Constraints on palaeodrainage evolution induced by uplift and exhumation on the southern flank of the Zagros-Iranian Plateau

Foreland sedimentary rocks from the northern Fars region of Iran contain a record of deformation associated with the Cenozoic collision between Arabia and Eurasia that resulted in formation of the Zagros orogen. The timing of the deformation associated with this event is poorly known. To address this we conducted a study of Miocene foreland sedimentary rocks (19.7-14.8 Ma) of the Chahar-Makan syncline using clast composition, clay mineralogy and low-temperature fission-track dating.
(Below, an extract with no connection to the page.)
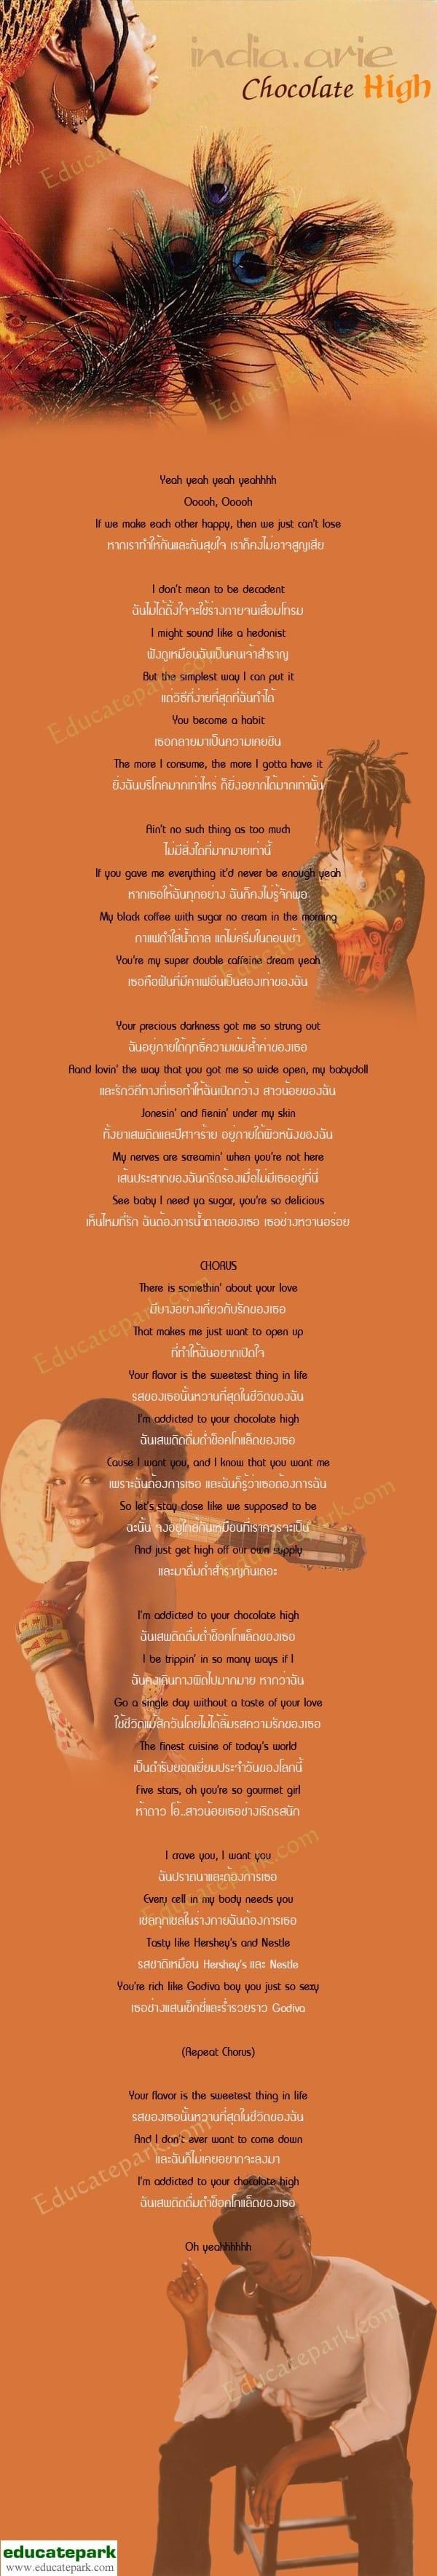 แปลเพลง Chocolate High - India.Arie ft. Musiq Soulchild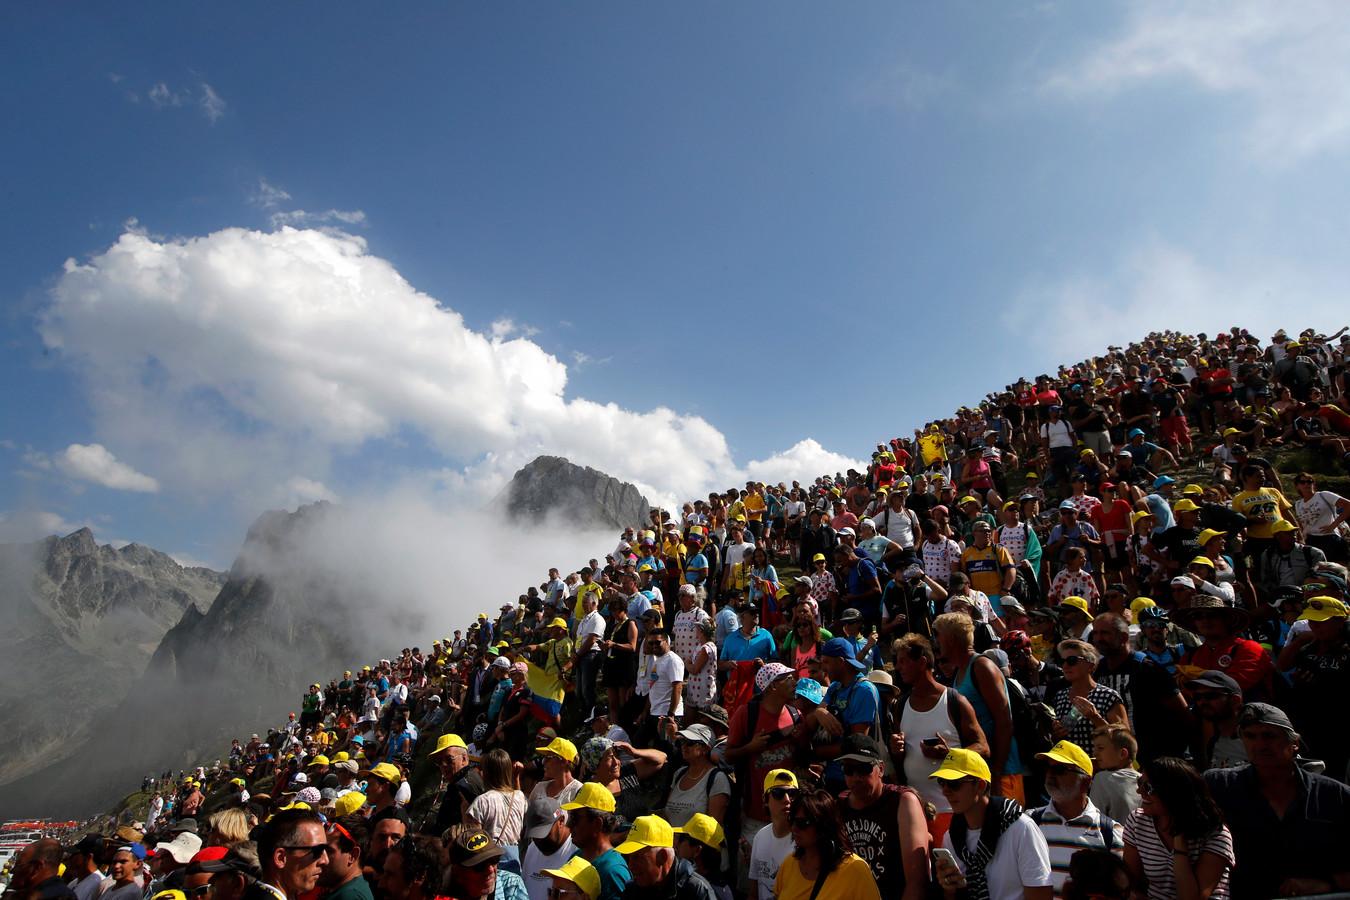 Een massa van wielerliefhebbers probeert bij de Tour de France een glimp op te vangen van de renners.

The results showed that most of the sedimentary rocks were sourced from ophiolitic rocks. Detrital apatite fission-track (AFT) age signatures of Miocene sedimentary rocks record exhumation in the hanging wall of the Main Zagros Thrust and confirm that the change from underthrusting of the stretched Arabian margin to widespread crustal thickening and deformation in the Zagros region is no younger than 19.7 Ma. A transition from Late Oligocene to Mesozoic-Eocene AFT detrital age signatures between 19.7-16.6 Ma and 16.6-13.8 Ma is interpreted to reflect a possible rearrangement of palaeodrainage distribution that resulted from folding and expansion-uplift of the Zagros-Iranian Plateau region.